The term “legendary” to me, invokes thoughts of Norse Gods, Minotaurs, Hercules and occasionally, some seemingly impossible feat casually achieved by a drunken friend in a pub, so if Prague taxis are “legendary for their bad reputation” to large online corporations then it was time for me to start worrying about my potential method of transport. I had a choice to make, risk something terrible happening at the mercy of a Czechoslovakian taxi driver before I even reached the hotel or risk ending up on the wrong side of the city due to my own stupidity and failure to navigate a simple metro system.
I’m far too proud for my own good sometimes, and hate looking stupid. So I went with the taxi option. Signs around the airport stating that fair prices were guaranteed from two taxi firms eased my worries a bit and when I left the airport I scouted a clean looking cab, labelled with one of the two names I had seen on the signs. I told the driver my destination and he kindly helped put my bags in the boot of his car before setting off on an unknown and potentially life threatening car ride to my hotel.
After gazing out of the window at the new sights that I may or may not be able to see ever again, wondering if I should have actually called my parents before leaving instead of sending a heartless but informative text message, the driver turned the car into a side street and slowed to a stop at the side of the road. My heart started racing, the street is large but quite empty and pretty dark. With the possibility of being ass-raped to death I paid the man 600 Koruna (£20) and peered out of the window. There was a hotel. Thank fuck, there was a hotel here.
It wasn’t my hotel though. I hastily made my way round to the boot of the car where the driver was already unloading my rucksack and tried to convey my confusion as to where we were. After a broken conversation I remembered that before leaving my house, I had scribbled down the hotel address. I dug out my note pad and showed the driver the street name, which he recognised as not where we were. The driver, who now knew where I was headed, loaded my rucksack back into the boot and gestured for me to get back in.
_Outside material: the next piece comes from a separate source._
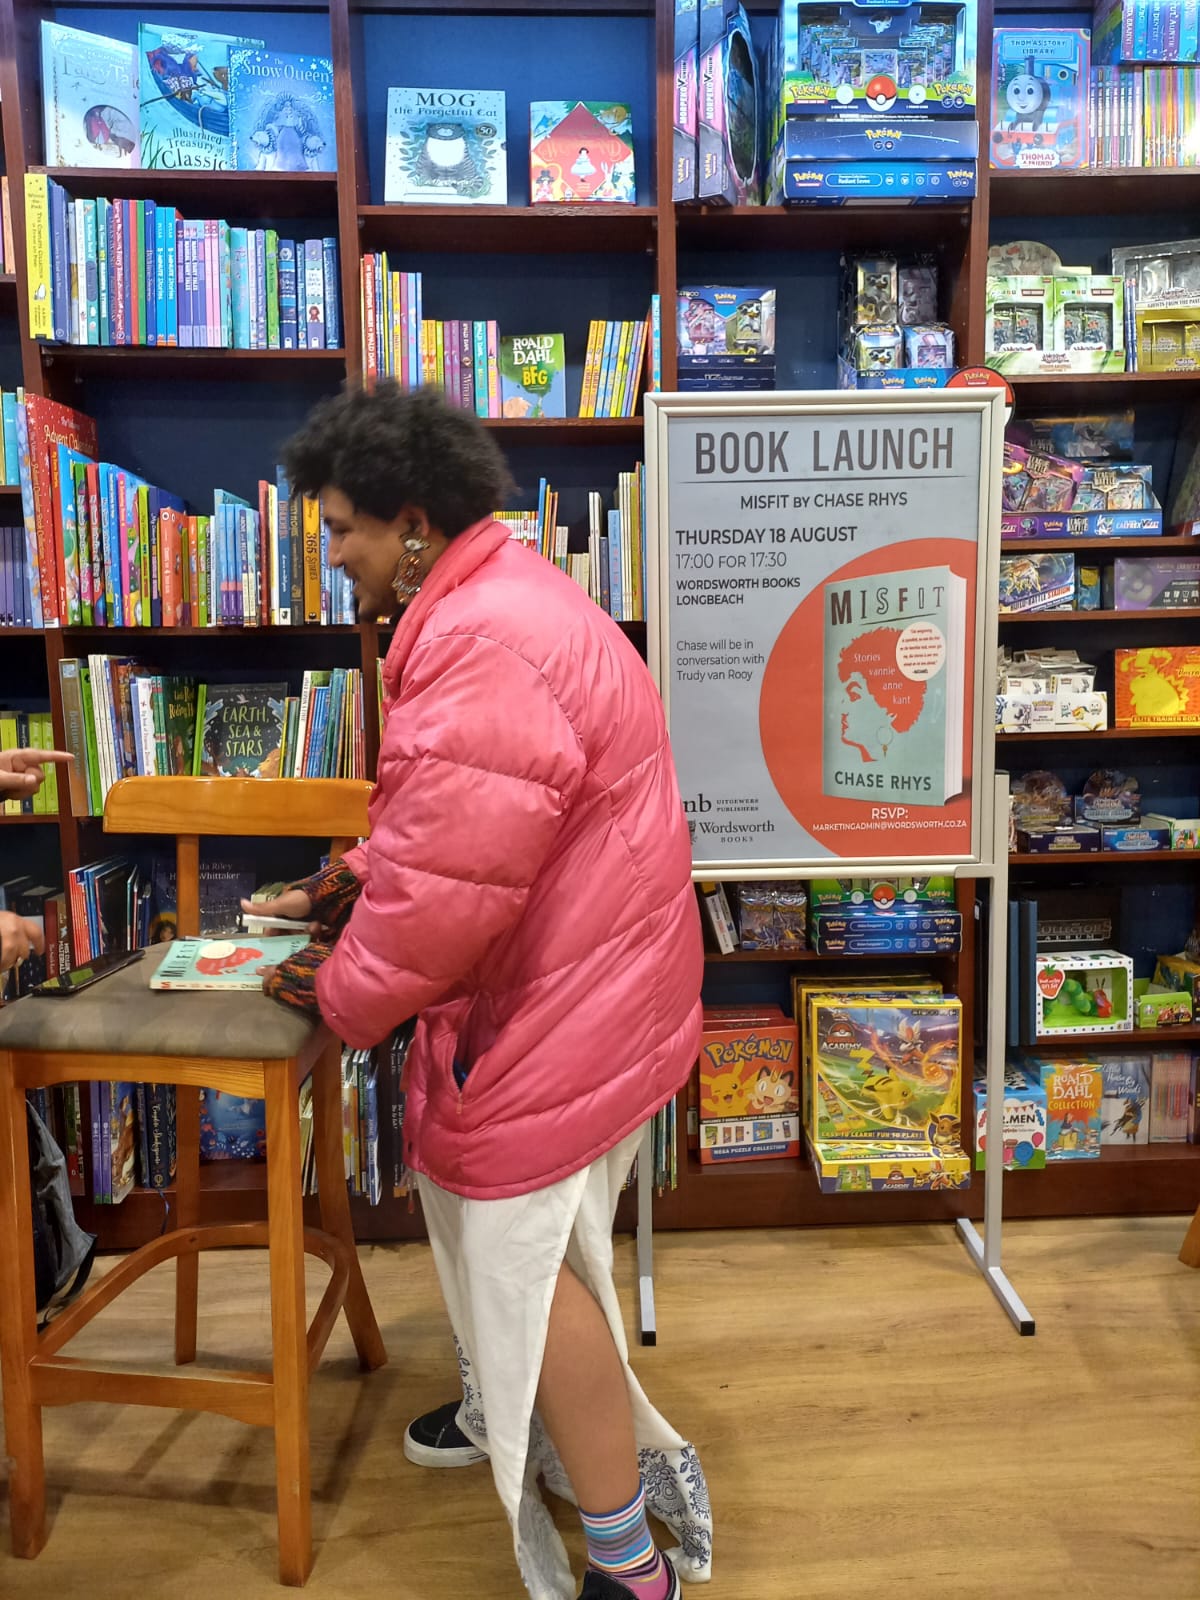 misfit book launch chase rhys wordsworth longbeach mall

A short ride across the river later and I was outside The Red & Blue Design Hotel. Exactly where I expected and needed to be. The driver began to unload my rucksack for the second time and I gingerly asked if I owed him any extra money. He declined, insisting that the extra journey was his fault. The fear of being butchered by a crazed and psychopathic taxi driver diminished a bit, this guy seemed honest and helpful.
I checked in to the hotel with relative ease; considering the language barrier it was far easier than checking in to my flight earlier that day, and ascended the stairs to my fourth floor hotel room. A simple, but pleasant and well designed room with free tea and coffee, a nice bathroom and a television.
I had arrived at my destination.
TL;DR – Guy fucks up getting to airport a bit, flies to Prague, successfully gets to his hotel room without dying.